Polling vs. Event Grid: The default blob trigger uses a polling mechanism, which can have delays of up to several minutes in production depending on storage activity. For low-latency, event-driven processing use the Event Grid-based blob trigger (Microsoft Learn) instead.

Flex Consumption: The default polling blob trigger is not supported on the Flex Consumption plan. Flex Consumption requires the Event Grid-based blob trigger. See Supported triggers on Flex Consumption (Microsoft Learn) for details.

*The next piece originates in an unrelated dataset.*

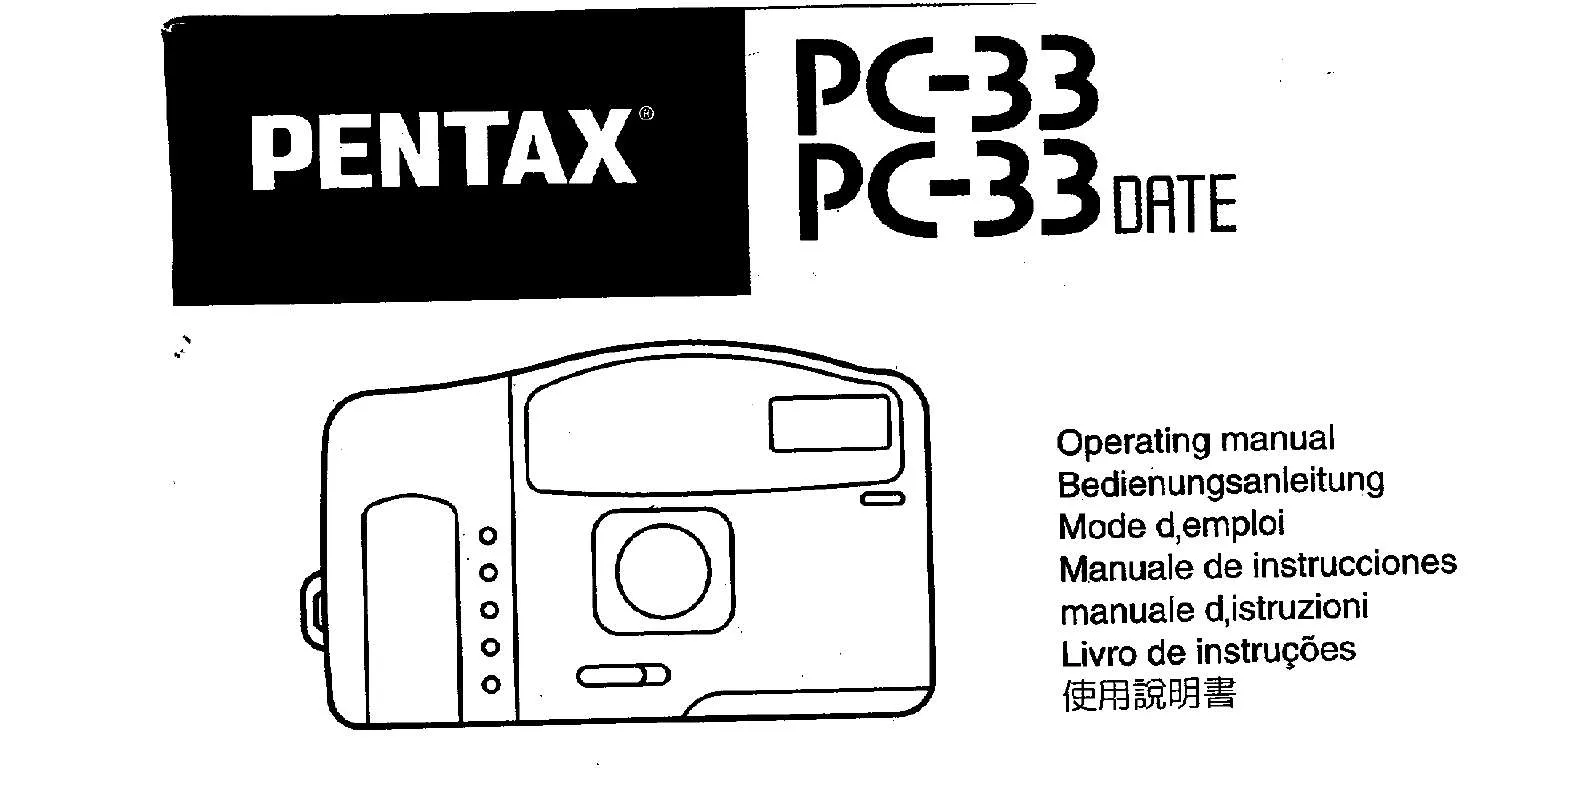 Mode d'emploi PENTAX PC-33

SDK Approach: azure-storage-blob¶

For HTTP-triggered scenarios that need more control — listing blobs, deleting blobs, setting metadata, generating SAS tokens — use the azure-storage-blob SDK directly.

Add to requirements.txt:

azure-storage-blob>=12.19.0
azure-identity>=1.15.0

List Blobs¶

import azure.functions as func
import json
import os
from azure.storage.blob import BlobServiceClient
from azure.identity import DefaultAzureCredential

bp = func.Blueprint()

def get_blob_service_client() -> BlobServiceClient:
    account_name = os.environ.get("STORAGE_ACCOUNT_NAME", "yourstorage")
    credential = DefaultAzureCredential()
    return BlobServiceClient(
        account_url=f"https://{account_name}.blob.core.windows.net",
        credential=credential
    )


@bp.route(route="files", methods=["GET"])
def list_files(req: func.HttpRequest) -> func.HttpResponse:
    """List all files in the uploads container."""
    client = get_blob_service_client()
    container = client.get_container_client("uploads")

    blobs = []
    for blob in container.list_blobs():
        blobs.append({
            "name": blob.name,
            "size": blob.size,
            "last_modified": blob.last_modified.isoformat() if blob.last_modified else None,
            "content_type": blob.content_settings.content_type
        })

    return func.HttpResponse(
        json.dumps({"files": blobs, "count": len(blobs)}),
        mimetype="application/json",
        status_code=200
    )

Delete a Blob¶

@bp.route(route="files/{filename}", methods=["DELETE"])
def delete_file(req: func.HttpRequest) -> func.HttpResponse:
    """Delete a file from Blob Storage."""
    filename = req.route_params.get("filename")
    client = get_blob_service_client()
    blob_client = client.get_blob_client("uploads", filename)

    try:
        blob_client.delete_blob()
        return func.HttpResponse(status_code=204)
    except Exception:
        return func.HttpResponse(
            json.dumps({"error": f"File '{filename}' not found"}),
            mimetype="application/json",
            status_code=404
        )

Managed Identity for Passwordless Access¶

Use Managed Identity instead of connection strings to access Blob Storage:

Enable identity and assign a role:

az functionapp identity assign --name your-func --resource-group your-rg

az role assignment create \
   --assignee "<object-id>" \
   --role "Storage Blob Data Contributor" \
   --scope "/subscriptions/<subscription-id>/resourceGroups/your-rg/providers/Microsoft.Storage/storageAccounts/yourstorage"

For bindings, use identity-based connection:

az functionapp config appsettings set \
  --name your-func \
  --resource-group your-rg \
  --settings "AzureWebJobsStorage__accountName=yourstorage"

See the Managed Identity recipe for a full walkthrough.